Multiple linear regression is a method we can use to understand the relationship between two or more explanatory variables and a response variable.
This tutorial explains how to perform multiple linear regression in Excel.
Note: If you only have one explanatory variable, you should instead perform simple linear regression.
Example: Multiple Linear Regression in Excel
Suppose we want to know if the number of hours spent studying and the number of prep exams taken affects the score that a student receives on a certain college entrance exam.
To explore this relationship, we can perform multiple linear regression using hours studied and prep exams taken as explanatory variables and exam score as a response variable.
Perform the following steps in Excel to conduct a multiple linear regression.
Step 1: Enter the data.
Enter the following data for the number of hours studied, prep exams taken, and exam score received for 20 students:
Step 2: Perform multiple linear regression.
Along the top ribbon in Excel, go to the Data tab and click on Data Analysis. If you don’t see this option, then you need to first install the free Analysis ToolPak.
Once you click on Data Analysis, a new window will pop up. Select Regression and click OK.
For Input Y Range, fill in the array of values for the response variable. For Input X Range, fill in the array of values for the two explanatory variables. Check the box next to Labels so Excel knows that we included the variable names in the input ranges. For Output Range, select a cell where you would like the output of the regression to appear.
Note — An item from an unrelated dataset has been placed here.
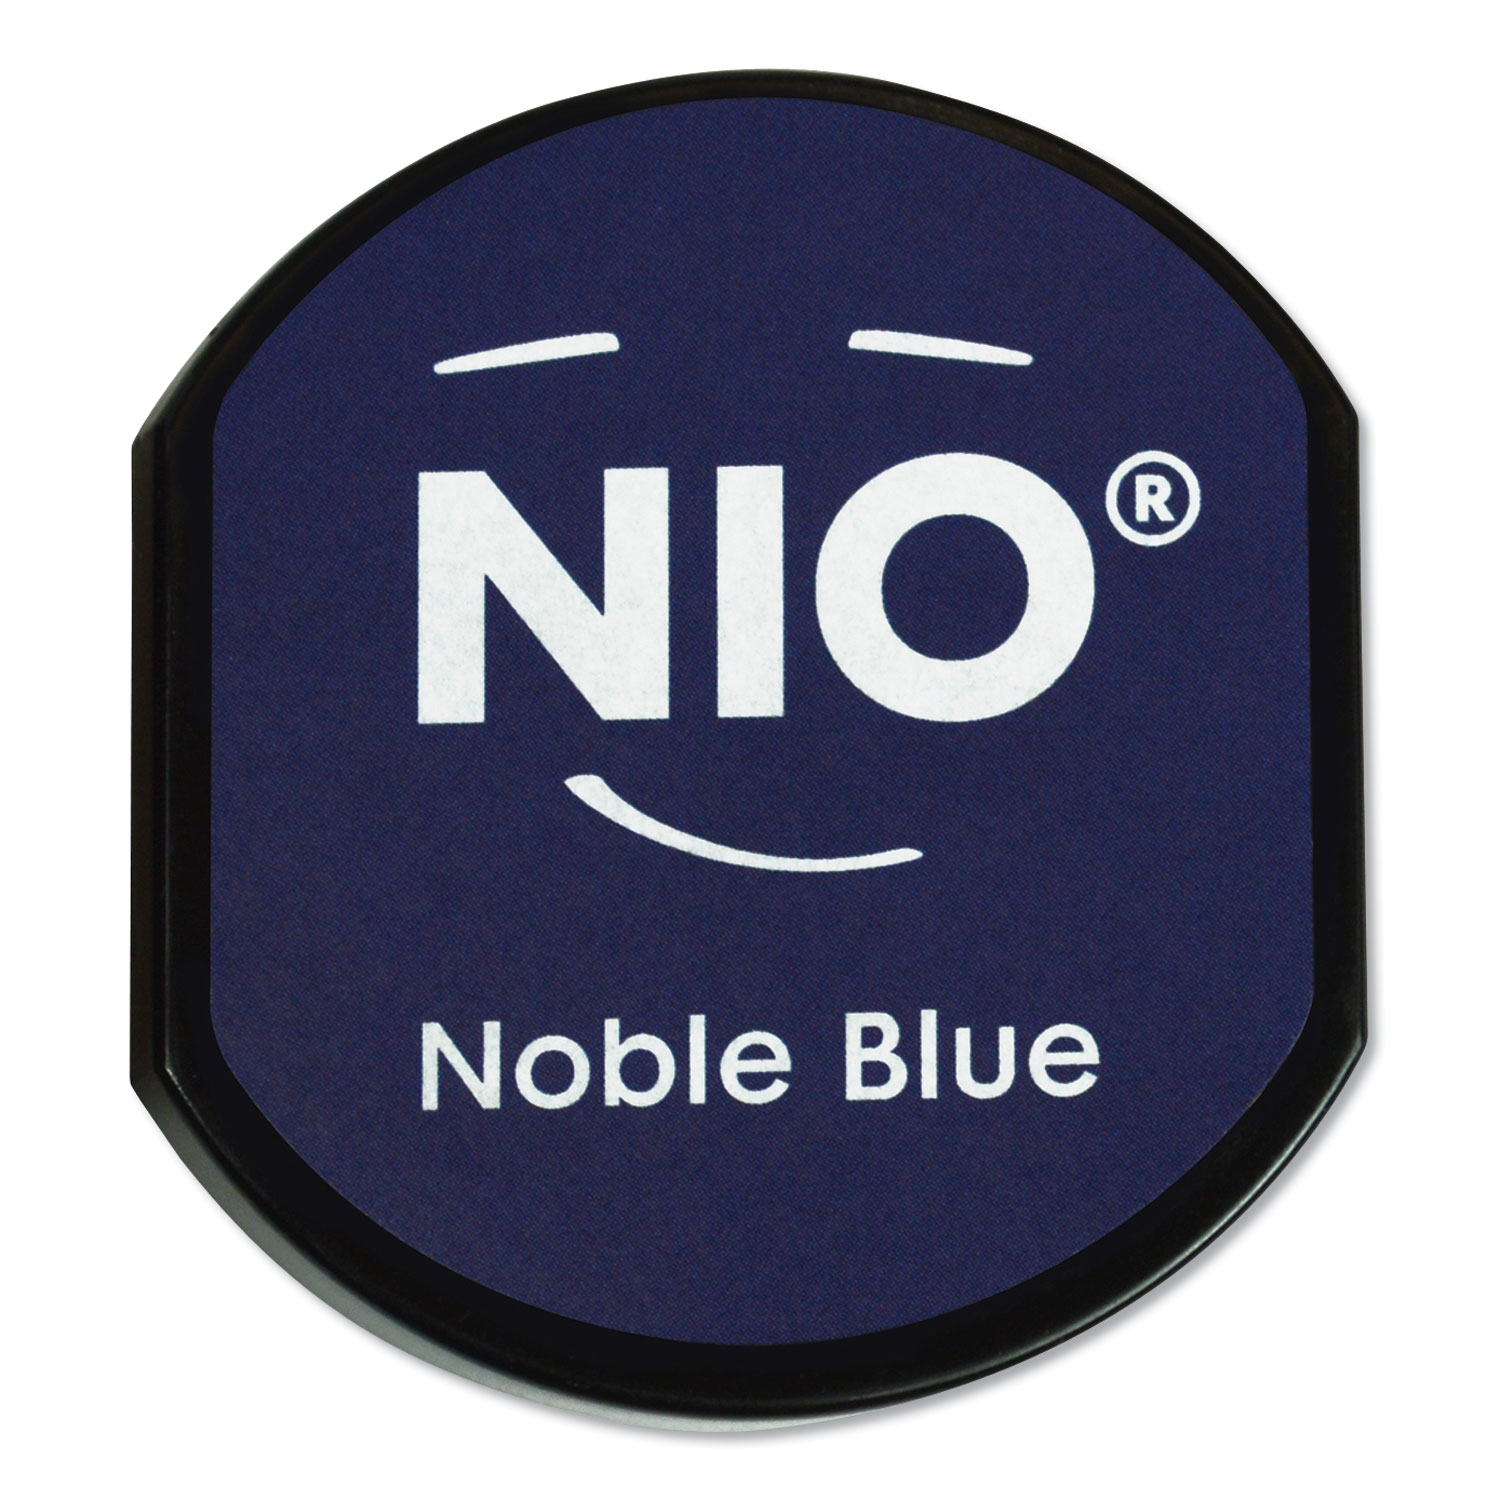  NIO 071510 Ink Pad for NIO Stamp with Voucher, Noble Blue (COS071510)

Then click OK.
The following output will automatically appear:
Step 3: Interpret the output.
Here is how to interpret the most relevant numbers in the output:
R Square: 0.734. This is known as the coefficient of determination. It is the proportion of the variance in the response variable that can be explained by the explanatory variables. In this example, 73.4% of the variation in the exam scores can be explained by the number of hours studied and the number of prep exams taken.
Standard error: 5.366. This is the average distance that the observed values fall from the regression line. In this example, the observed values fall an average of 5.366 units from the regression line.
F: 23.46. This is the overall F statistic for the regression model, calculated as regression MS / residual MS.
Significance F: 0.0000. This is the p-value associated with the overall F statistic. It tells us whether or not the regression model as a whole is statistically significant. In other words, it tells us if the two explanatory variables combined have a statistically significant association with the response variable. In this case the p-value is less than 0.05, which indicates that the explanatory variables hours studied and prep exams taken combined have a statistically significant association with exam score.
P-values. The individual p-values tell us whether or not each explanatory variable is statistically significant. We can see that hours studied is statistically significant (p = 0.00) while prep exams taken (p = 0.52) is not statistically signifciant at α = 0.05. Since prep exams taken is not statistically significant, we may end up deciding to remove it from the model.
Coefficients: The coefficients for each explanatory variable tell us the average expected change in the response variable, assuming the other explanatory variable remains constant. For example, for each additional hour spent studying, the average exam score is expected to increase by 5.56, assuming that prep exams taken remains constant.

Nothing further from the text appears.